I have a Cali and a Silver Fox buck.  My does are Cali, NZW, NZr/w, NZW/Giant Chin.  For me, my best kits have been from my NZW/Giant Chin doe bred to my Cali buck.    I have no detailed data, but they seem to be my fastest growers & more meaty.

I agree with the other responders to explore meat breeds beyond Cali and NZ (even though that is what I have).  Get what works for you.  The nice thing about backyard meat rabbitries is that if you buy stock from Craiglist, etc., you can rotate breeds in/out without a huge cost.  You just eat want you no longer want to breed!

Good luck in your venture.


----------



## Melwynnd (Sep 26, 2012)

Thanks so much for all the advice!

I designed a Fodder growing system for my little place and that's what I'm planning on feeding primarily along with free choice hay and maybe some foraged stuff (lots of mulberries here and I'm planning on a Jerusalem Artichoke hedge).  So my bunnies will get green feed year round. 

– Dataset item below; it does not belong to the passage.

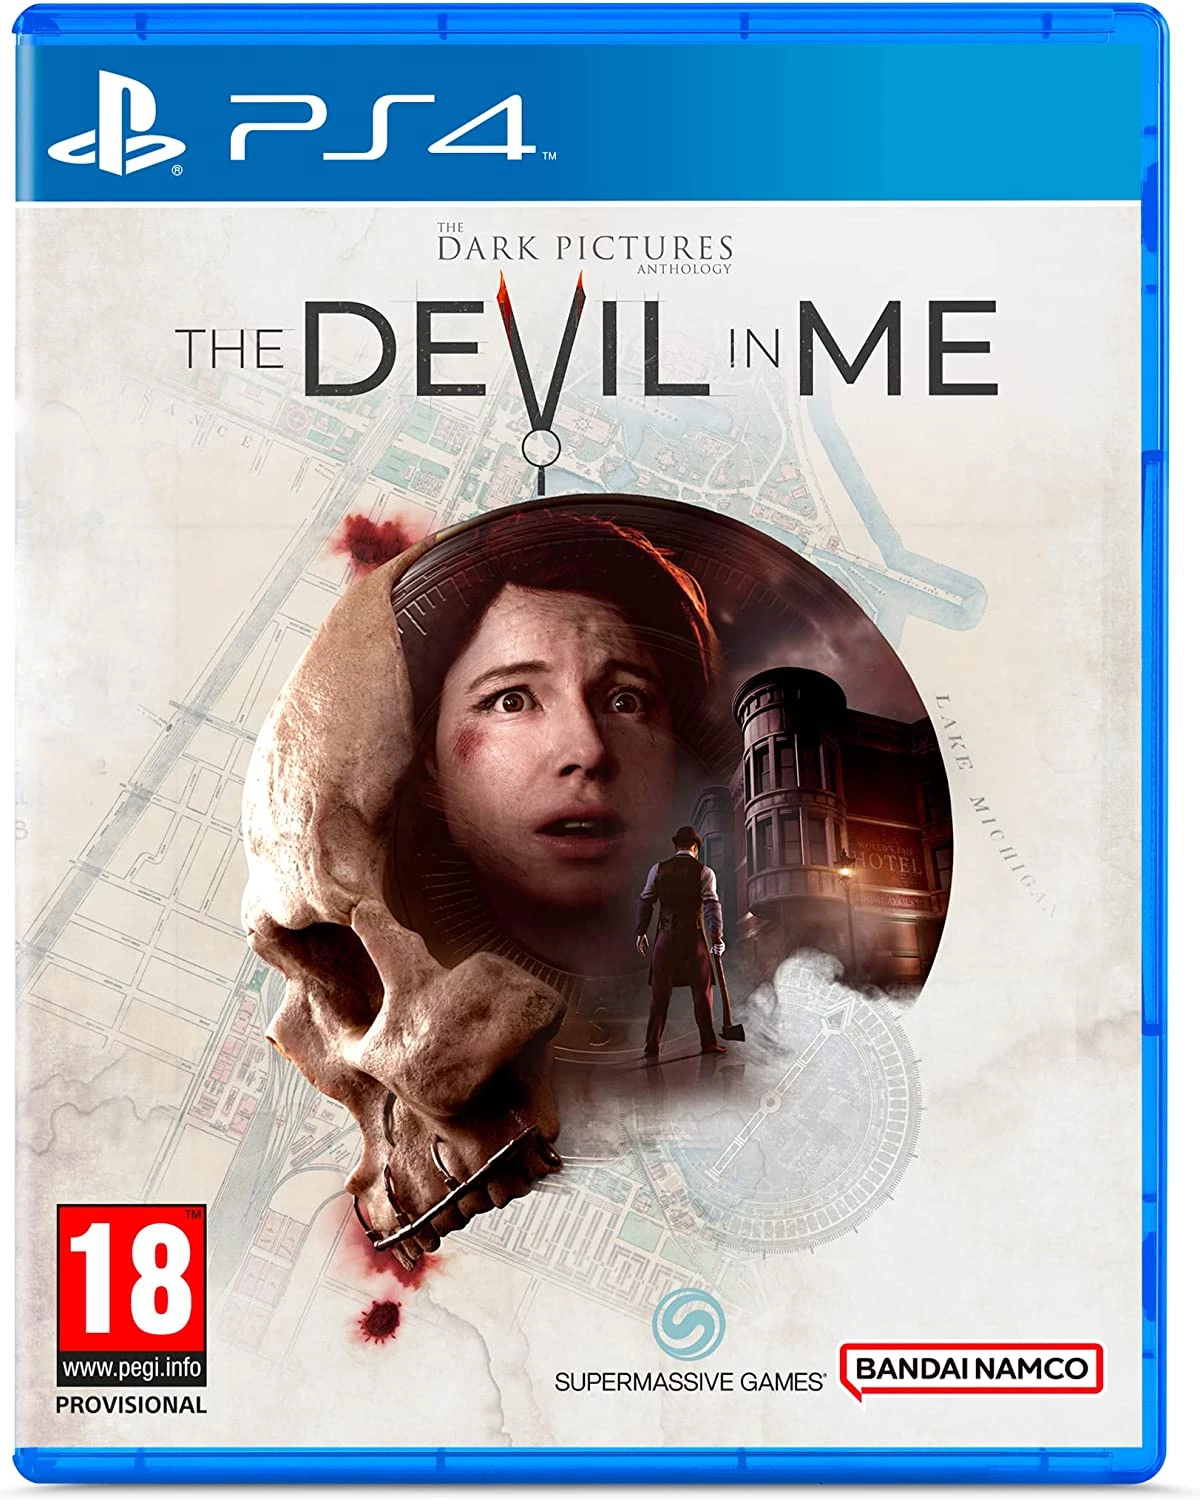 The Dark Pictures Anthology: The Devil in Me (PS4), Supermassive Games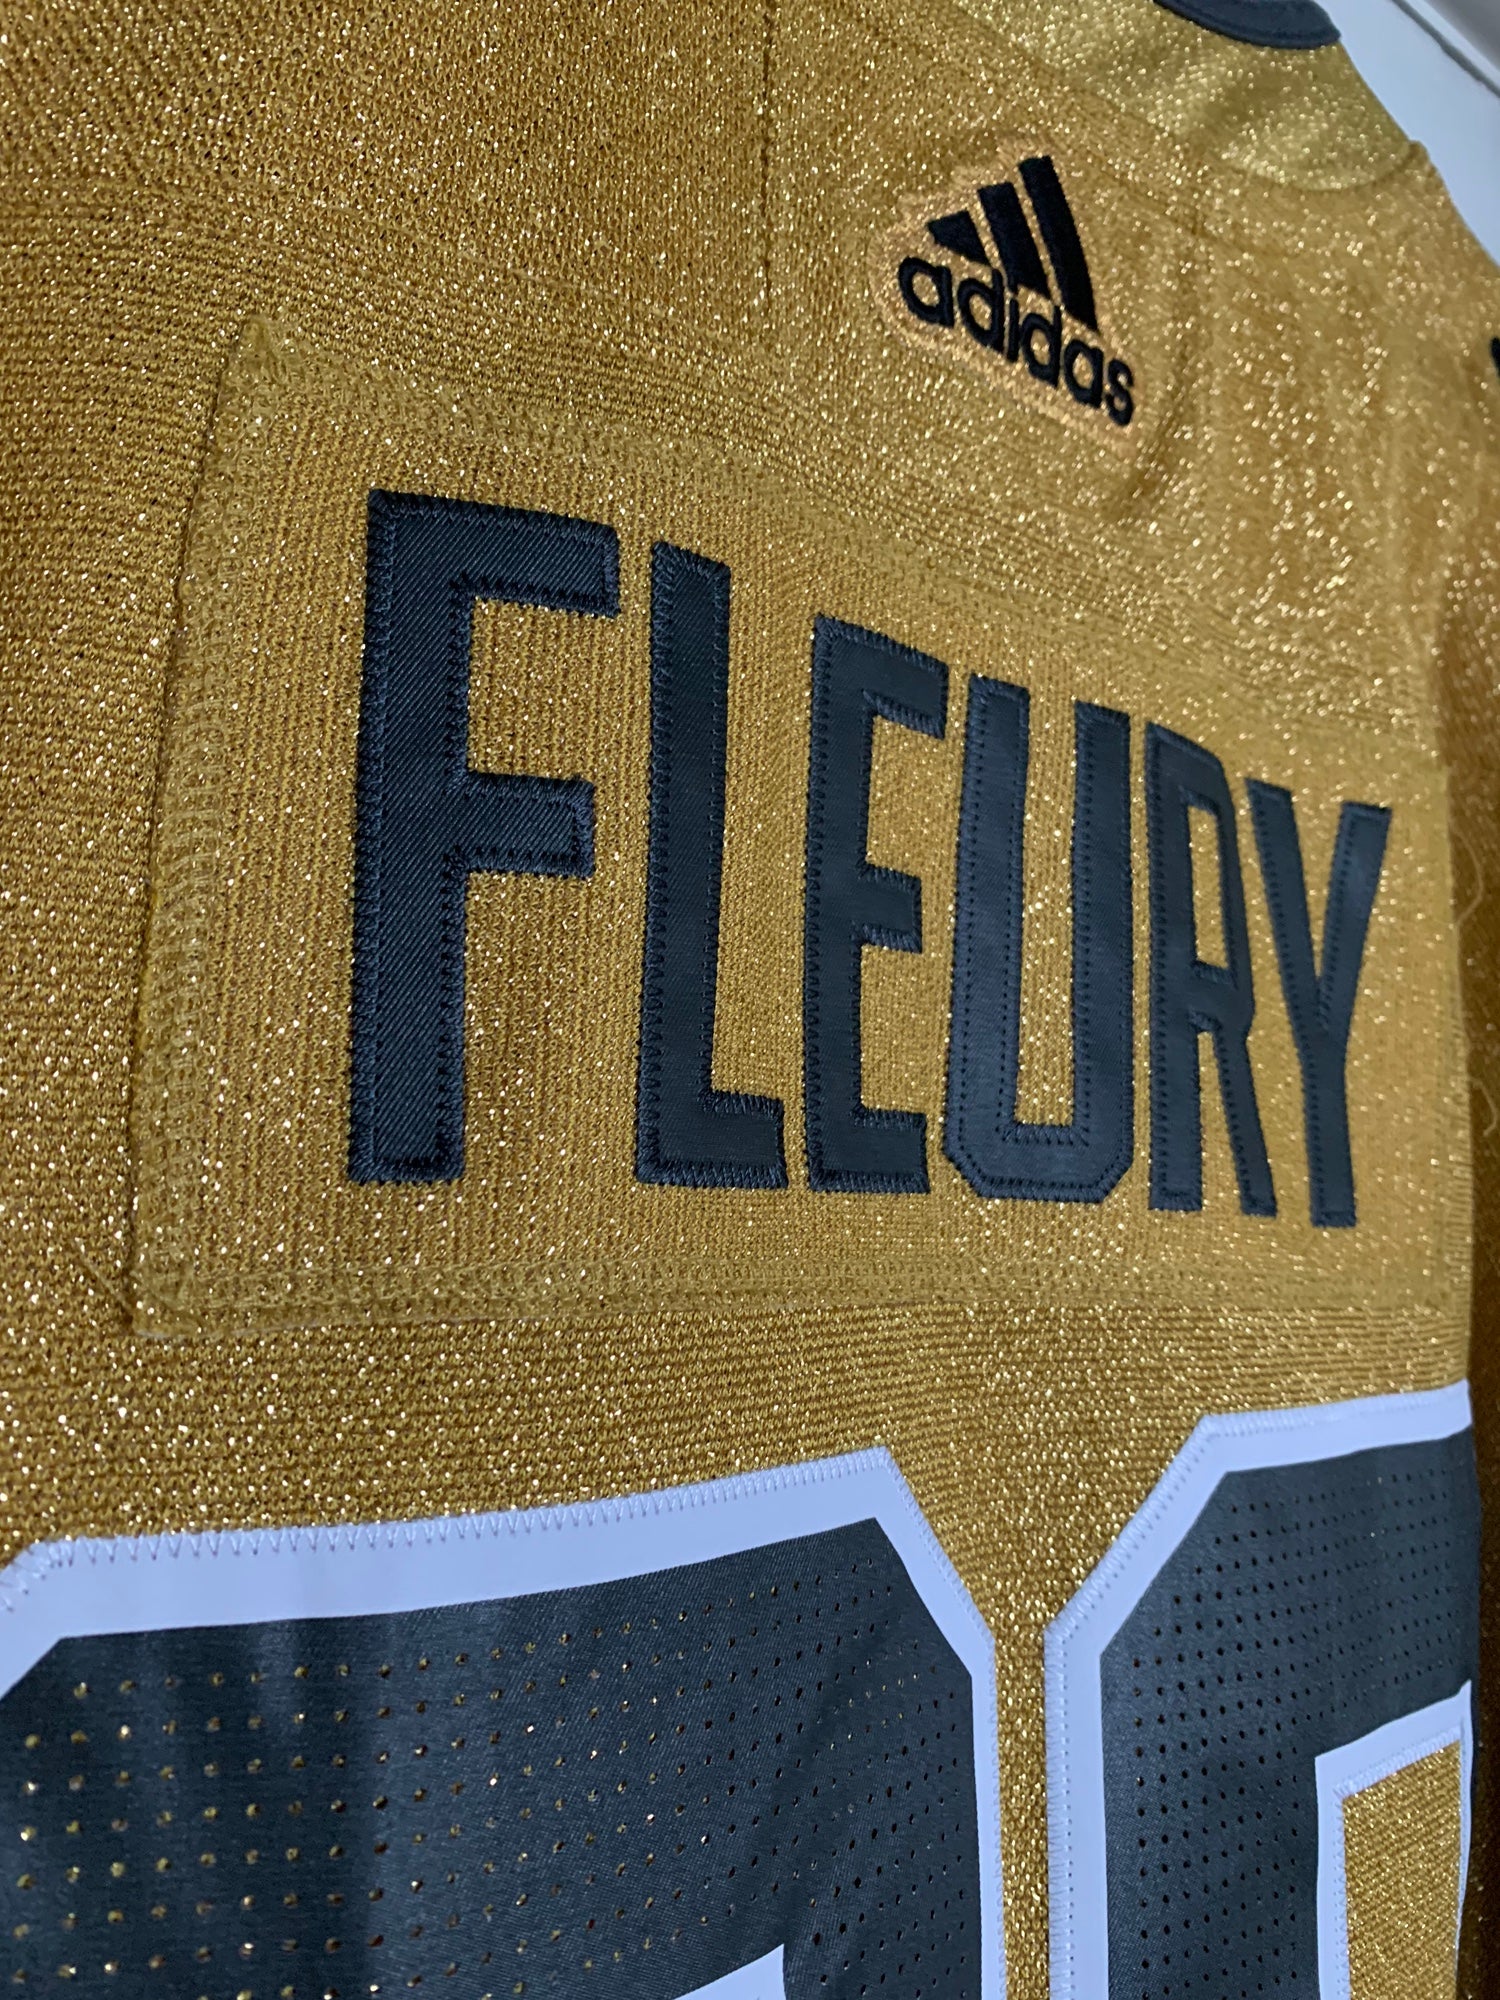 Marc-Andre Fleury Vegas Golden Knights Jersey GOAT - Marc Andre

We have pretty mild winters here, but summer can be brutal, so I may give my bunnies a break from mid June to Mid August.  I'm planning on having 12 3'x2' cages, so I should have plenty for grow out pens (I hope).


----------



## Citylife (Sep 26, 2012)

If you have 12, 3x2 pens you can easily have 6 does and 2 bucks and then the 4 grow out pens or a spot to grow our a rabbit or two you may be thinking of keeping as replacement stock.
I am a bit far away from you but right now I have 9 wk old CA/NZW bucks and one nice nice CA/Florida White doe , she is 8 weeks old.  I am in KC.  
I also am just getting into the American blues and will be looking forward to adding more to my rabbitry.  
I would be carefull how much green stuff you give the adults.  You may want to talk to more or look for other threads re: green food for your rabbits.  Mine get it sparingly once adulthood.  
Good luck in your venture.  Its always nice to hear of more people suplimenting thier diets with such good food.


----------



## animalmom (Sep 27, 2012)

Sherry;

Hey, it is AnimalMom chiming in on rabbits.  I second CityLife's comment about feeding green to young rabbits.  I don't feed mine any green (leaves, lettuce, celery) until the rabbits are 6 months old.  I'm also slow in introducing the young rabbits to fruit.  My adult rabbits love a piece of apple or watermelon rinds in the morning.  What you are trying to avoid is provoking runny poop in the young rabbits.  If you have a bunch of lettuce you can let it air dry to a crunchy state.  Young buns love dried lettuce.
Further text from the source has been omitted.